Я всегда предполагал, что у Эда жизнь не была медовой. Но чтоб такое… От его откровений у меня волосы на макушке зашевелились.
В День всех влюбленных я решил устроить Эду романтический вечер. Правда, готовить всё равно пришлось ему, ибо мои кулинарные таланты весьма ограничены. Всё как всегда в таких случаях: полумрак, свечи, ужин, вино… И что меня сподвигло подарить ему розу? А так как в этот момент мы уже были слегка нетрезвые, то Эда пробило…
- Юр, мне очень-очень приятно, но я так странно себя чувствую. Всегда когда ты рядом, обнимаешь, целуешь, заботишься обо мне. Кажется, что это не со мной, что всё происходит в какой-то другой реальности или во сне. Вот проснусь, и всё закончится…
Я давно тебе собирался рассказать, но боялся, что ты со мной общаться больше не будешь… Ты знаешь, что отца у меня никогда не было. Когда маме было 14, её просто изнасиловал какой-то урод, его так и не поймали.

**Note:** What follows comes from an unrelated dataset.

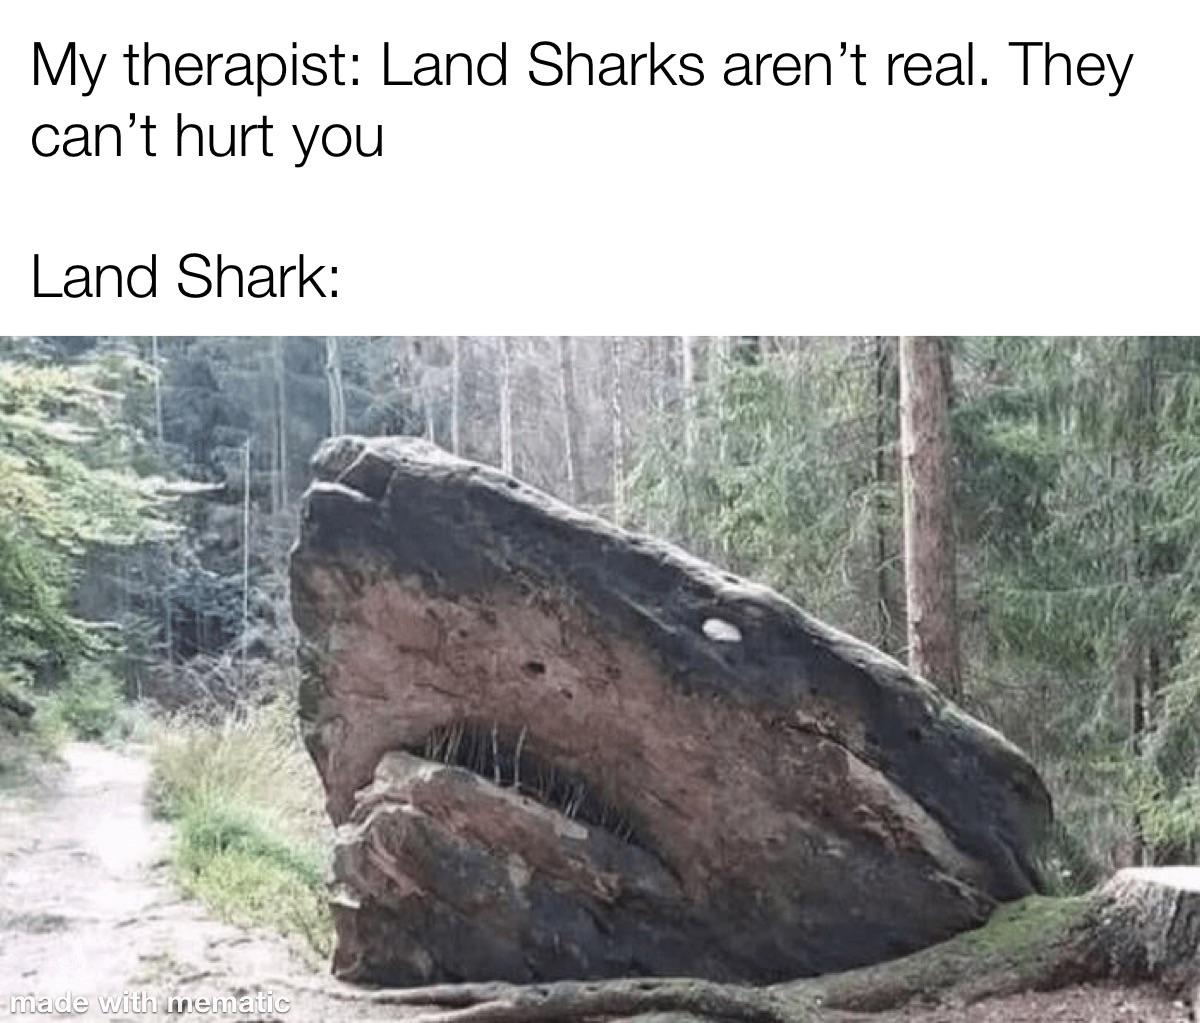 dank memes - outcrop - My therapist Land Sharks aren't real. They can't hurt you Land Shark made with mematic

Потом она вечно несла всякую херь про то, что мужчины - это зло, дьявол ходит по земле и прочую муть…
Когда я родился, то она не пожелала поверить в то, что родила очередного «Люцифера». Ну и считала, что я девочка… документами моими бабушка занималась, так как мать уже тогда признали психически нездоровой.
Эд закрыл лицо руками и тяжело выдохнул, а потом начал говорить торопливо, глотая слова и спотыкаясь.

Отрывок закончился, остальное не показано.